Exercise data section start
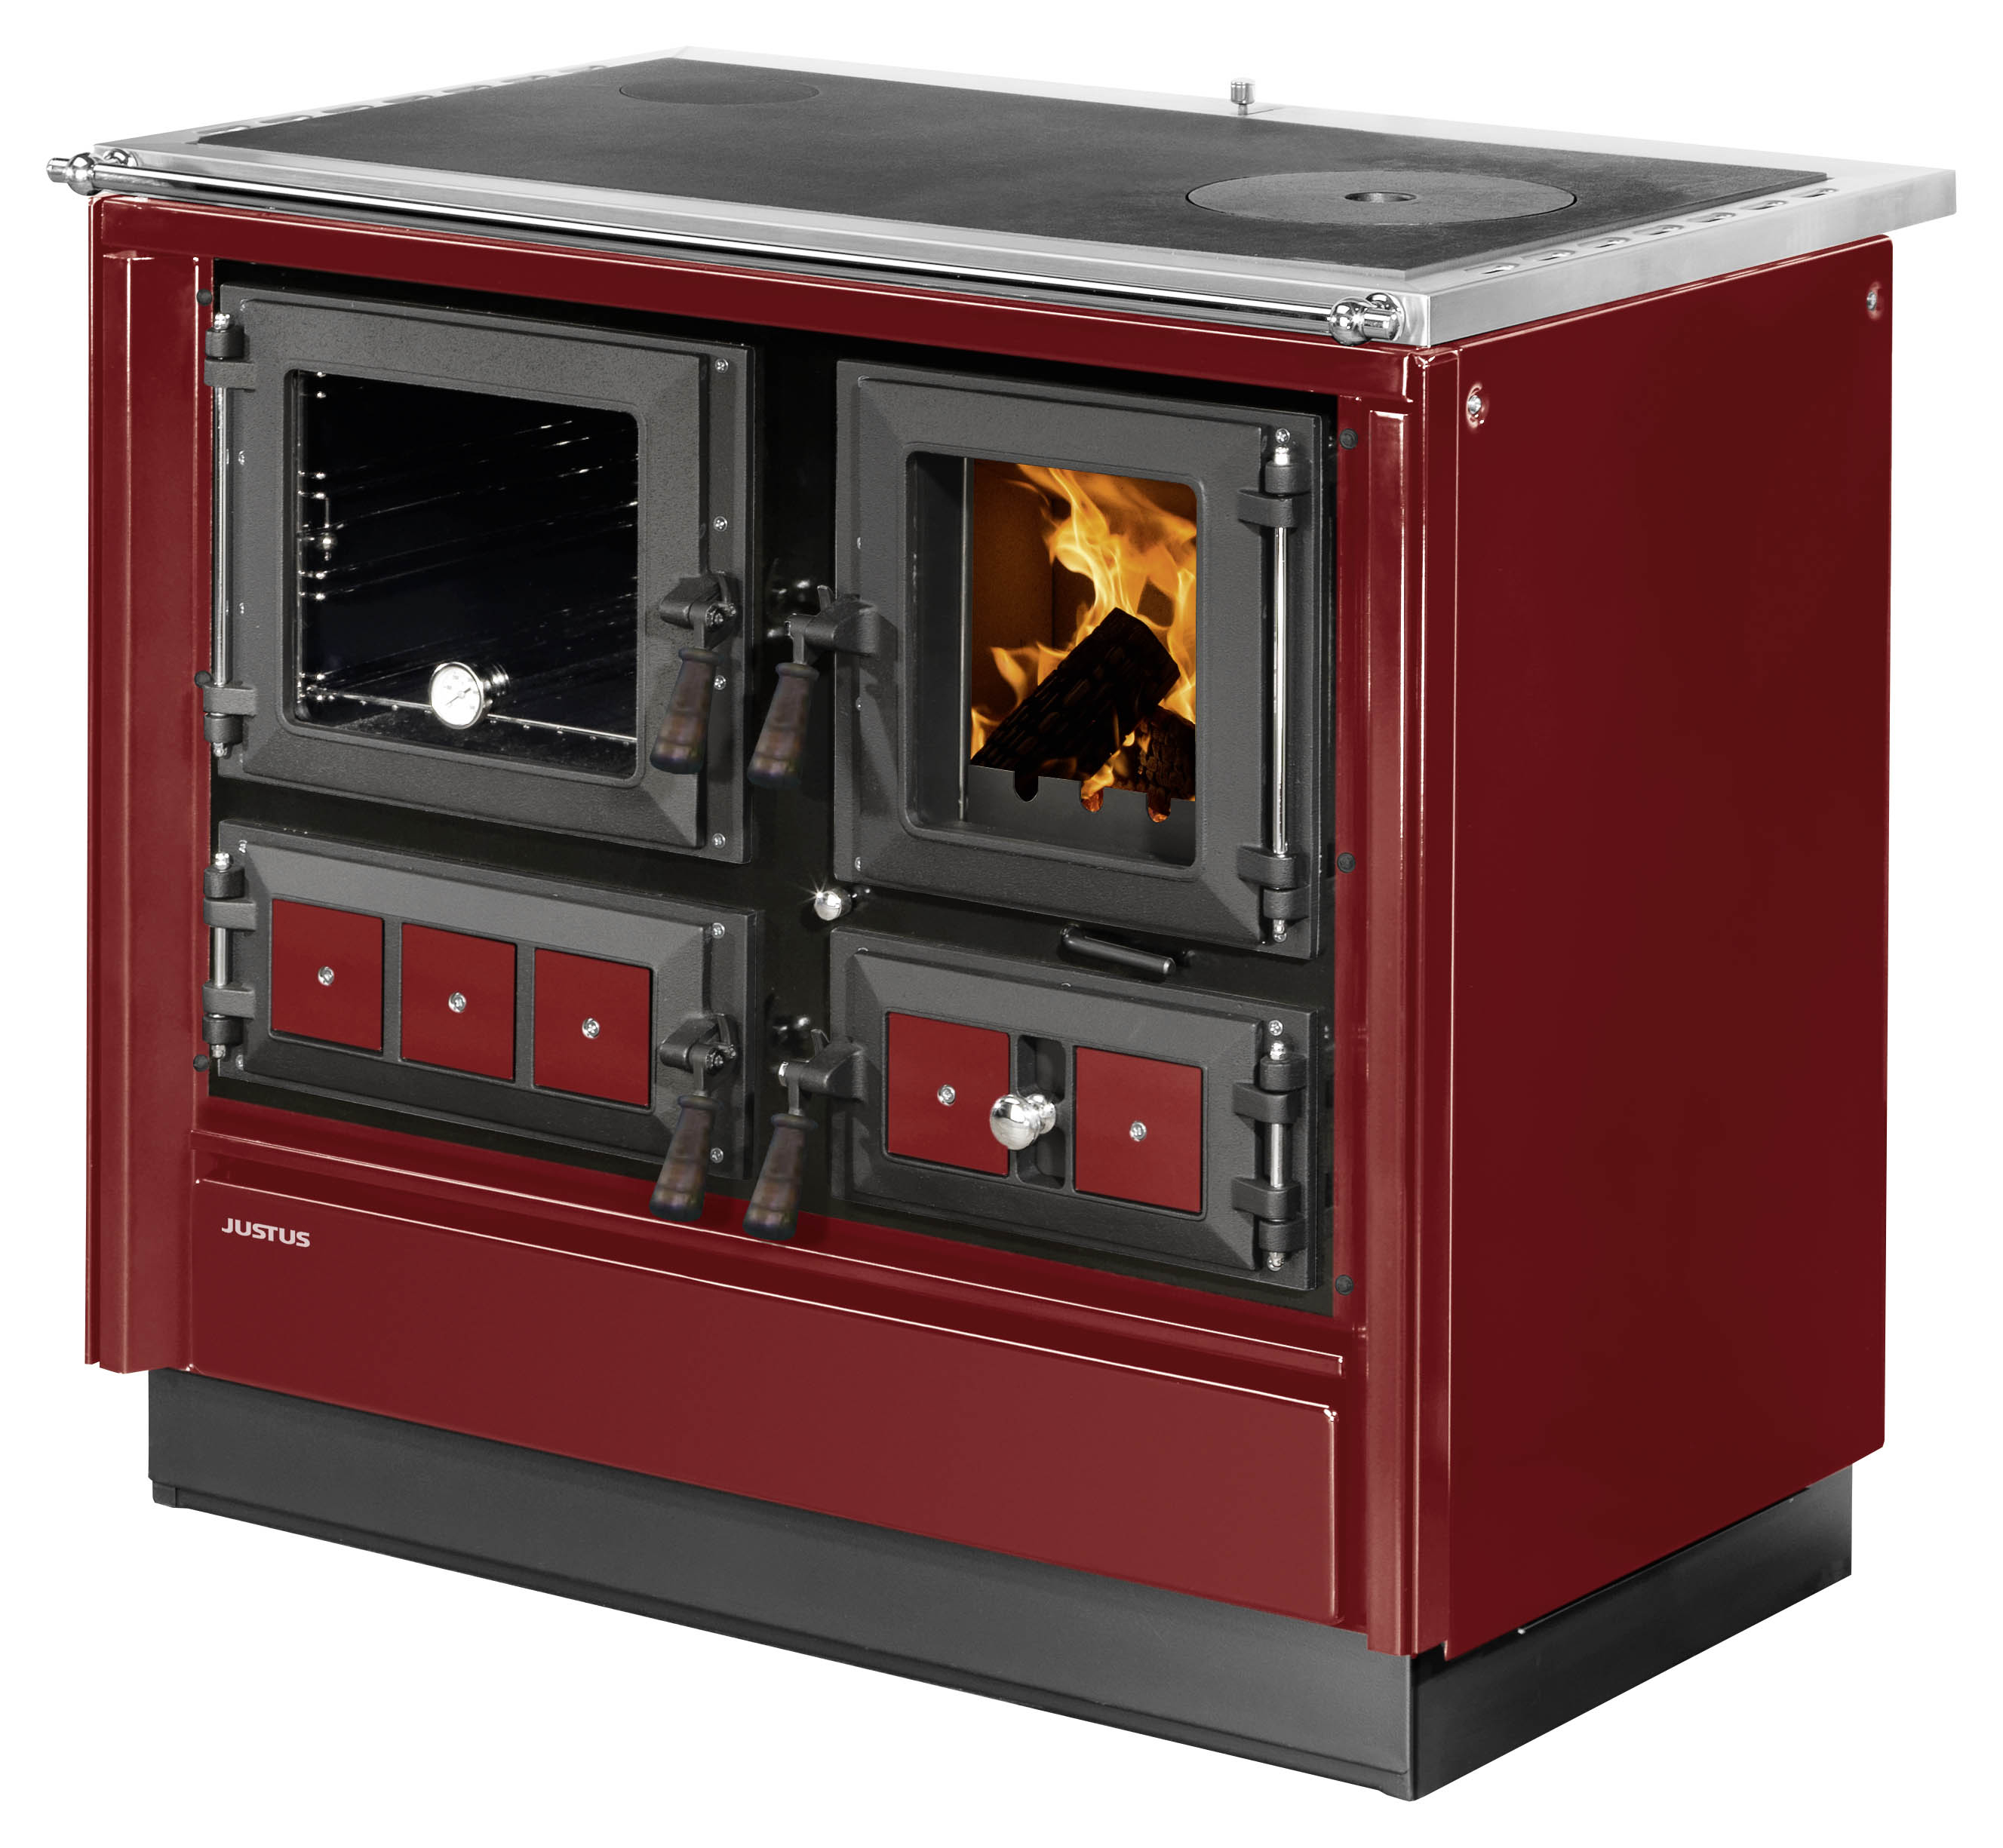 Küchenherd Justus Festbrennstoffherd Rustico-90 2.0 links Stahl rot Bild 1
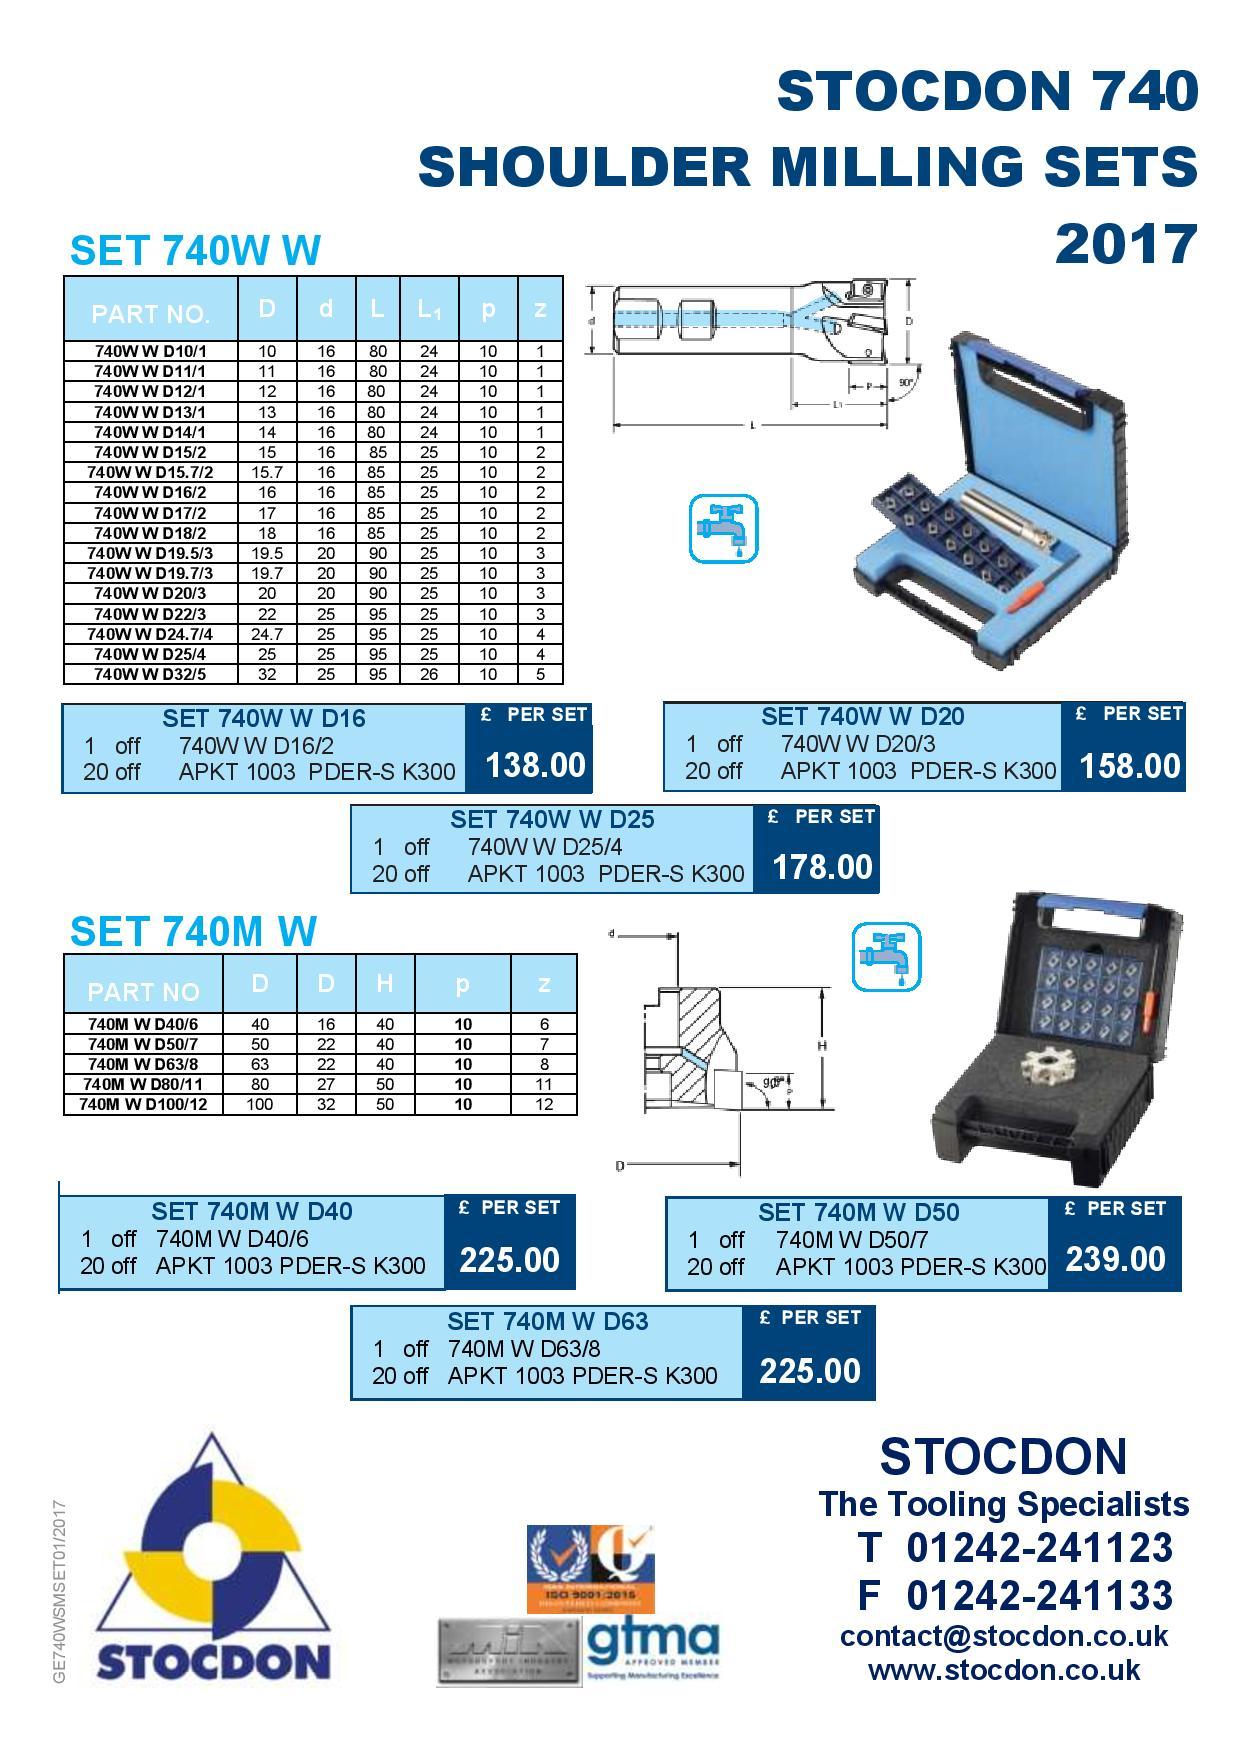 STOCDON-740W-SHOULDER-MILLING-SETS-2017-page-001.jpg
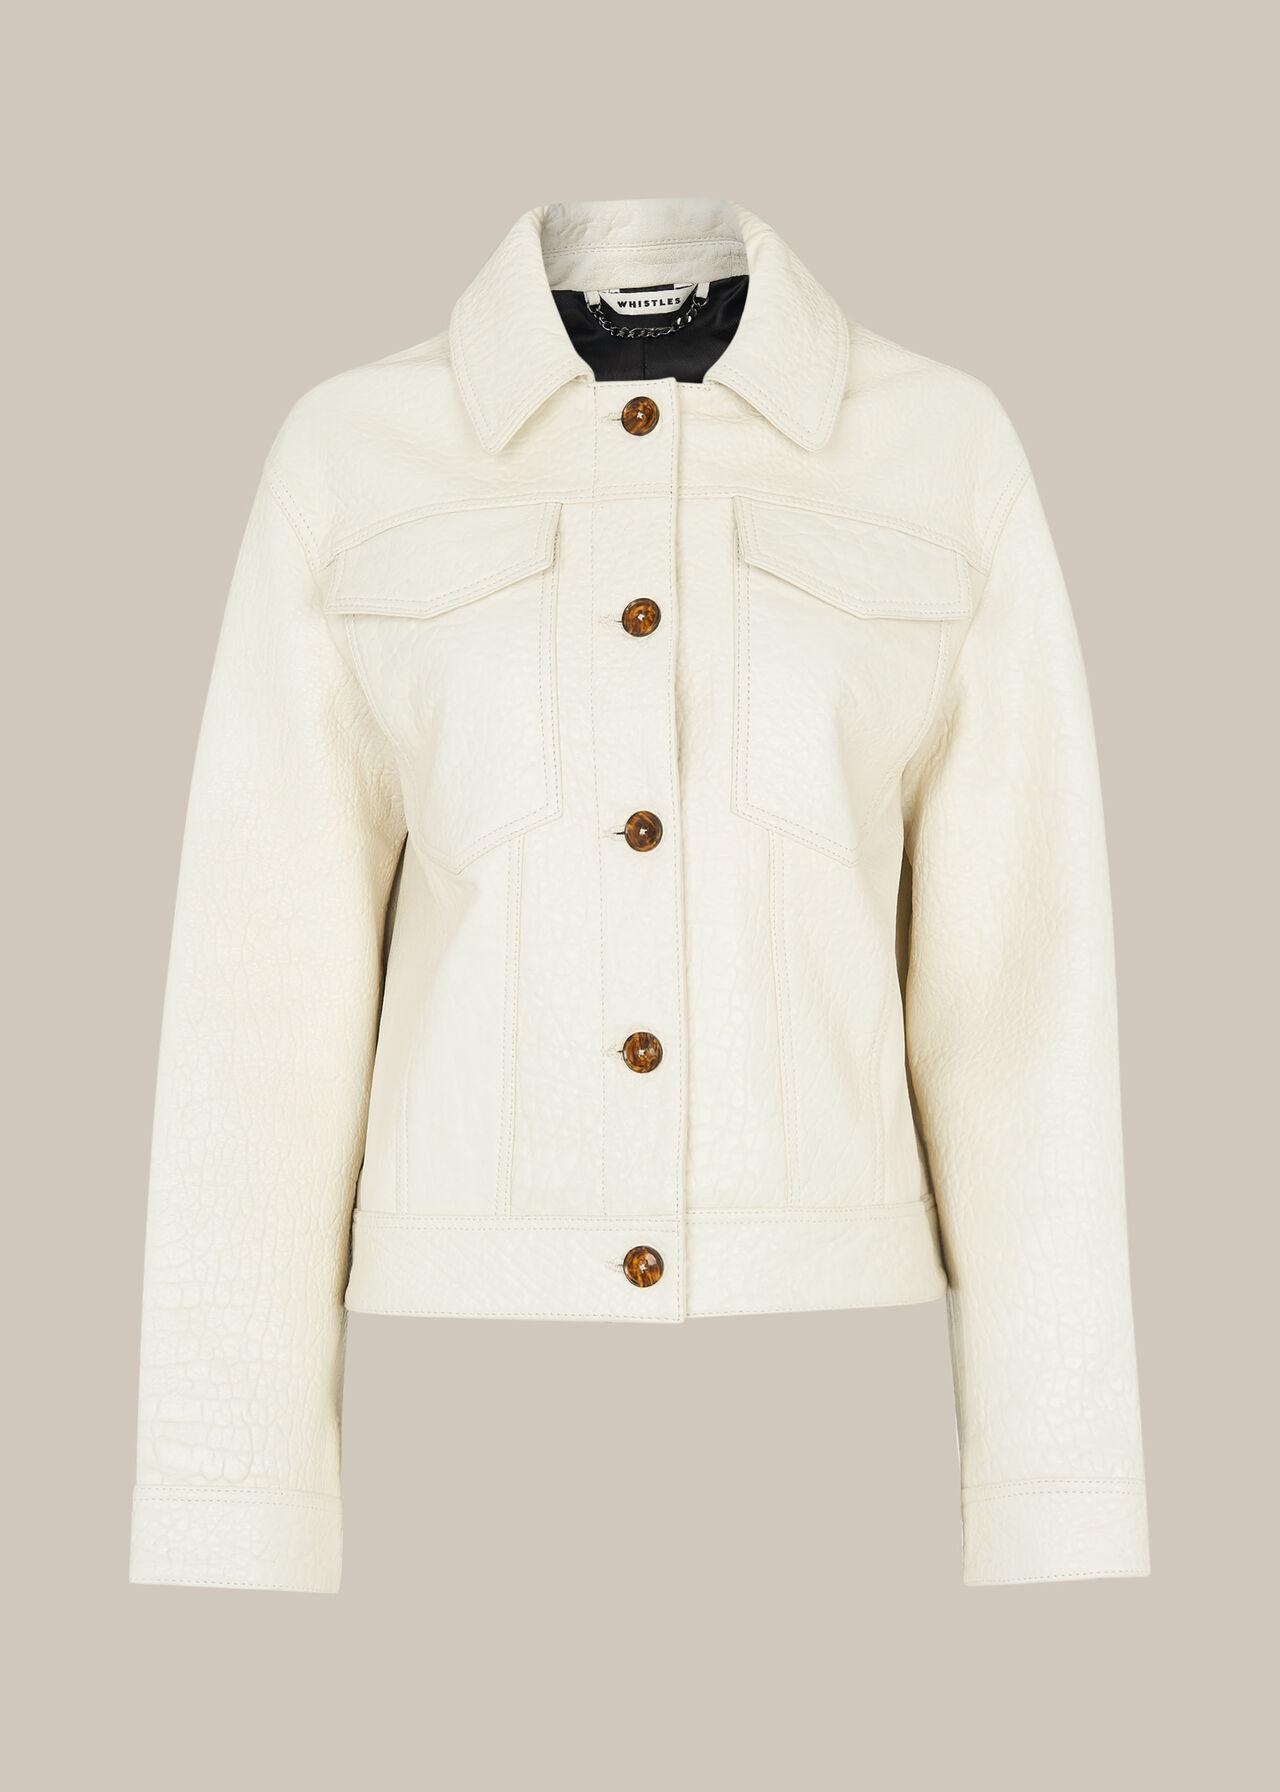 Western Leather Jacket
Exercise data section end
* [Prompt] The data must be repeated exactly. Any pictures in it are to be left out.

* [Output for this exercise]
 Küchenherd Justus Festbrennstoffherd Rustico-90 2.0 links Stahl rot Bild 1
 STOCDON-740W-SHOULDER-MILLING-SETS-2017-page-001.jpg
 Western Leather Jacket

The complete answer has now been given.